UN faces calls to fire official who claimed Israel cannot defend itself against Palestinian terrorists

A United Nations official is facing calls to resign after claiming Israel has no right to defend itself against Palestinian terrorists. Some of those who reckon she should be dismissed have suggested that her continued presence at the U.N. would signal the international body's approval of her alleged anti-Semitism.
Francesca Albanese, the U.N.'s special rapporteur to eastern Jerusalem, Gaza, and the West Bank, tweeted on April 8, "Israel has a right to defend itself, but can't claim it when it comes to the people it oppresses/whose land it colonizes."
Albanese made this remark in response to a statement from the European Union condemning recent Palestinian terrorism.
EU high representative Josep Borrell wrote on April 8, "Last night again, deadly terrorist attacks have occurred in Tel Aviv, one of them killing an Italian tourist. The EU expresses its total condemnation of these acts of violence. This must cease."
"We also condemn the indiscriminate rocket attacks on Israel from Gaza and the territory of Lebanon. We condemn unreservedly the terrorist attack which killed two Israelis and left one seriously injured," continued Borrell. "Israel has the right to defend itself."
According to ABC News, a Damascus-based Palestinian claimed responsibility for launching at least three missiles into Israel from Syrian territory.
The Italian tourist killed in the other attack, Alessandro Parini, was a lawyer reportedly targeted along with several others by a 45-year-old resident of Kfar Kasem, an Arab-Israeli city east of Tel Aviv.
Amichai Chikli, the Israeli minister of diaspora affairs and combating anti-Semitism, denounced the U.N. official's suggestion, noting that "this is not an isolated instance of Ms. Albanese's relentless, systematic and irrational bias against Israel and display of antisemitism. As a representative who should be applying international law equally for all, irrespective of their faith, background or geographic locality, this is deeply concerning."
Chikli highlighted Albanese's November 2022 speech at a Hamas-sponsored conference during which she told the radicals in attendance to "resist"; her support of the boycott, divestment, and sanctions campaign against Israel; her conspiracy theories about Jewish domination; and her comparisons of Israelis to Nazis.
The Israeli minister stressed that the U.N. was "failing to uphold its own commitment to protecting fundamental human rights for all and applying equal treatment of all its member states by allowing Ms.
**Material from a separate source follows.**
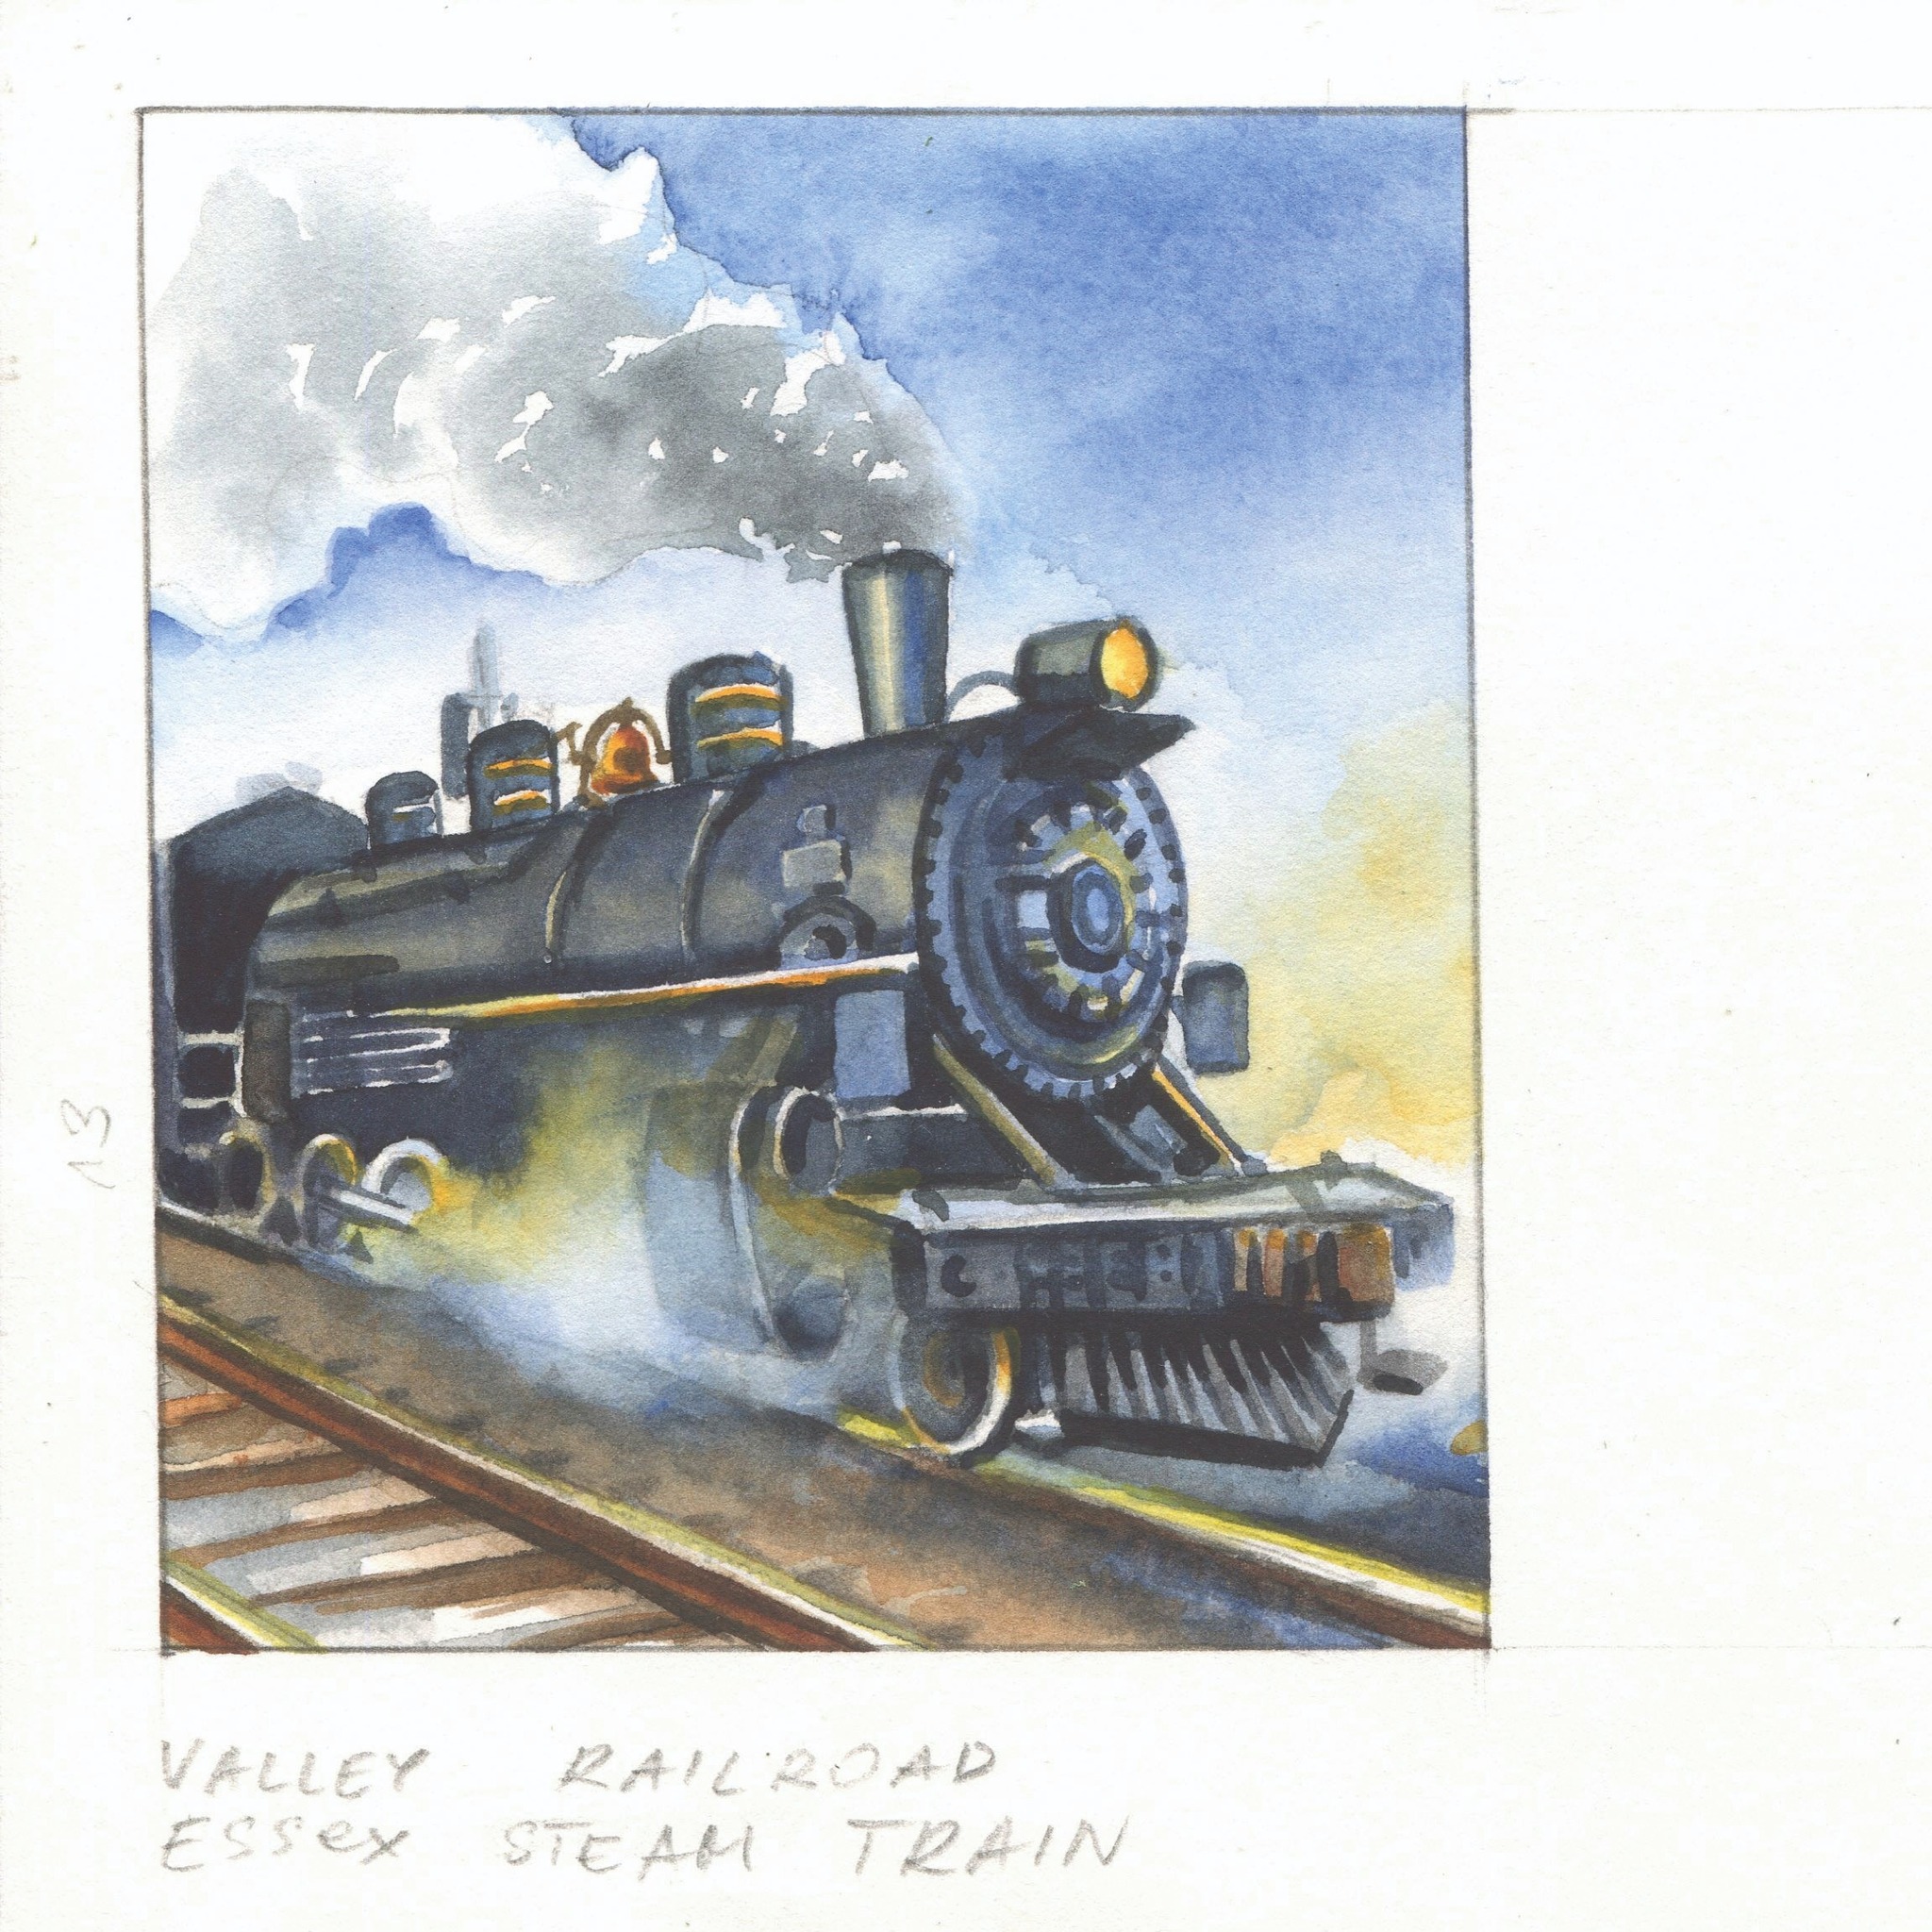 Essex Steam Train - Village Rails

Albanese to continue to spew hatred, antisemitism and incite violence," and called for her dismissal.
Special rapporteurs are required to demonstrate "impartiality, integrity and objectivity."

The Times of Israel reported that in February, a bipartisan group of U.S. House representatives urged that Albanese get the boot for her refusal to condemn terrorism.

In a Feb. 24 letter, 18 representatives noted that "when challenged about her continued silence regarding [January's] Palestinian terrorist attack outside a Jerusalem synagogue that murdered seven, Albanese repeated her assertion that Israel is a colonial, apartheid regime."

They underscored that Albanese's routine refusal to condemn terrorism and her nasty comments "provide further proof of the deep-seated prejudice inherent to the United Nations' approach to the Israeli-Palestinian conflict."

Nearly 70% of all condemnatory resolutions in the U.N. General Assembly have targeted Israel since 2015, reported the Jerusalem Post.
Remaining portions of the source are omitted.